Florida Citrus Commission Chairman Ellis Hunt called the forecast a reflection of the work by growers.
“To nearly come back to production levels of just a few years ago shows that we are moving in the right direction and putting the appropriate caretaking practices in place,” Hunt said a prepared statement.
The federal forecast, the first of the season, estimates that the industry will fill 86.9 million 90-pound boxes --- a standard measurement --- over the next nine months.
The production figure, which includes oranges, grapefruit and other specialty crops such as tangerines and tangelos, would be a 75 percent increase from the Irma-impacted 2017-2018 growing season. It also would be 11 percent above the 2016-2017 yield, though that was a five-decade low for production.

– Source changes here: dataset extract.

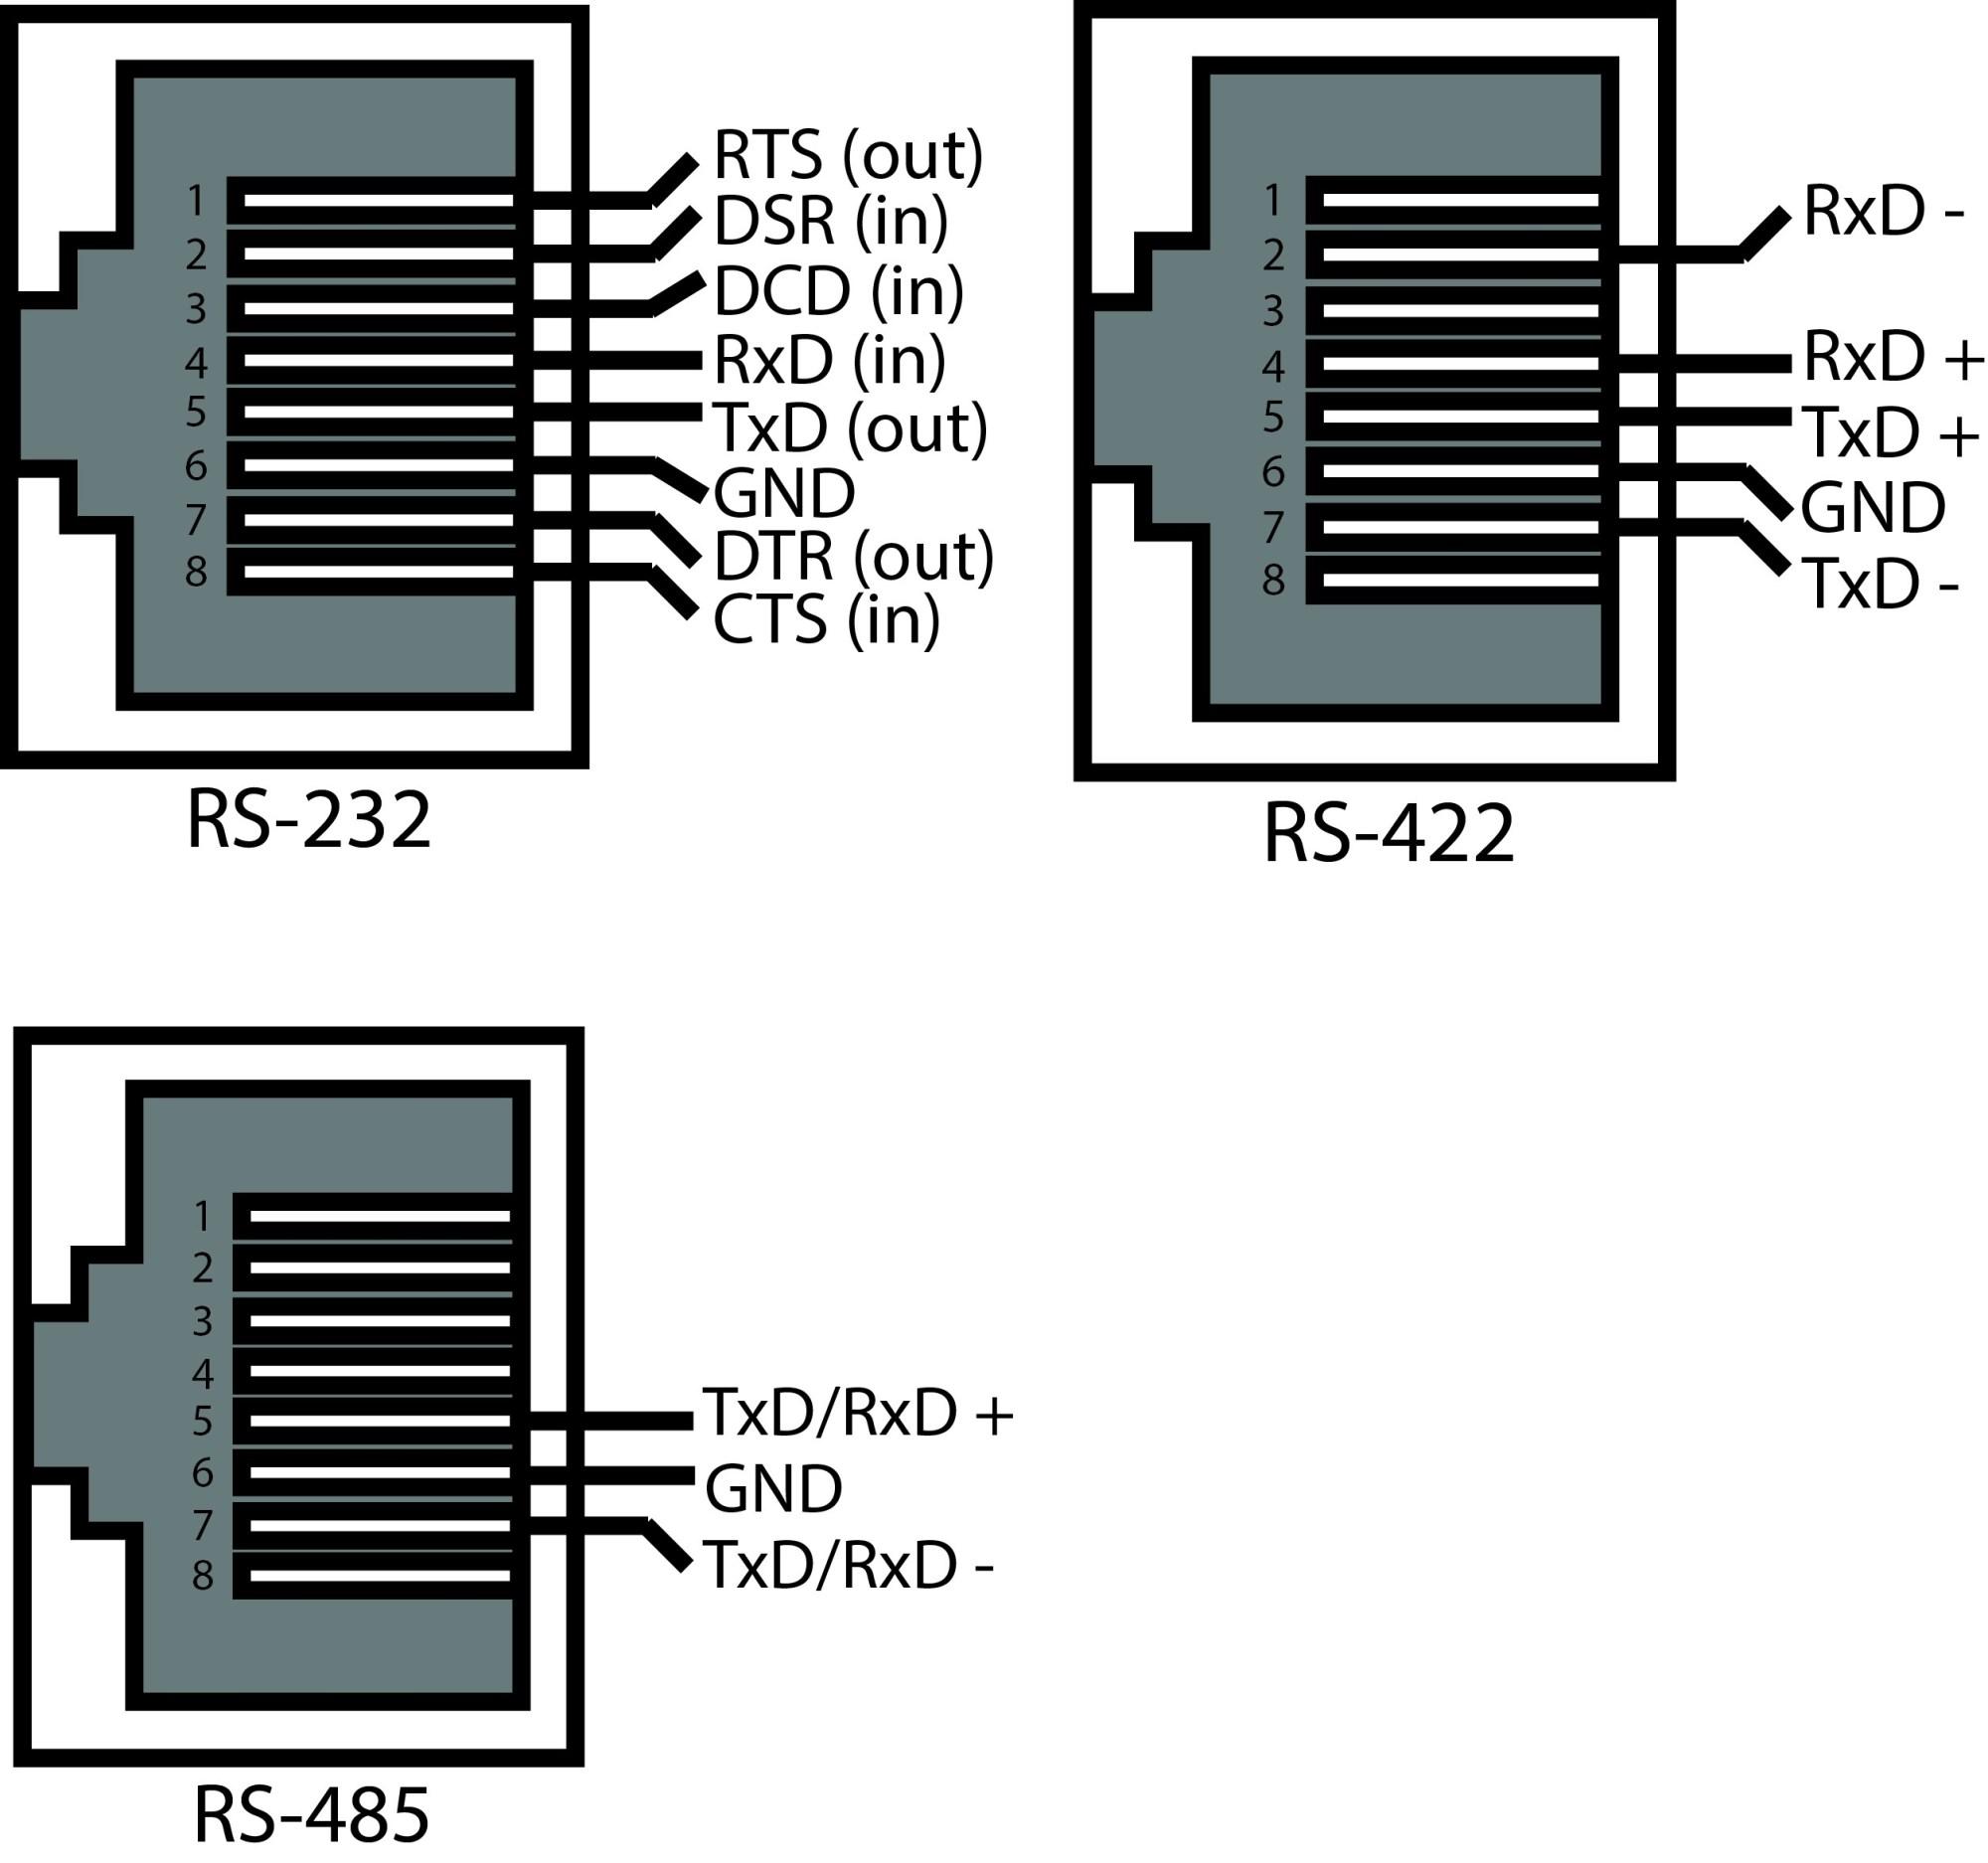 hight resolution of communication modbus db9 wiring wiring diagram communication modbus db9 wiring

The 49.58 million boxes filled in the past season --- as growers reported losses of up to 70 percent because of Irma flooding groves and uprooting trees --- was the lowest crop output since the 1941-1942 season.
Shannon Shepp, executive director of the Florida Department of Citrus, said officials are pleased growers are getting positive news, which they “haven’t heard in a long time.”
“After combating greening for so long and going through Hurricane Irma last season, today’s forecast means we truly could be on a path to recovery,” Shepp said in a statement.
Based on field surveys, USDA state statistician Mark Hudson said Florida is projected to fill 79 million boxes with oranges. That would be up from 44.95 million boxes filled in the past season and from 68.85 million boxes two seasons ago.
Grapefruit production is projected to increase from 3.88 million boxes in the past season to 6.7 million boxes this season. The production of red and white grapefruit is still down from two seasons ago when 7.76 million boxes were filled.
Specialty fruit account for another 1.2 million boxes in the new forecast.
Through the mid-1990s, the state’s citrus growers regularly filled more than 200 million boxes a year of oranges and 50 million boxes a year of grapefruit.
The forecast comes as an application process is underway for growers to receive federal Irma assistance --- via a $343 million block grant to Florida out of a wider disaster-relief package signed into law in February by President Donald Trump.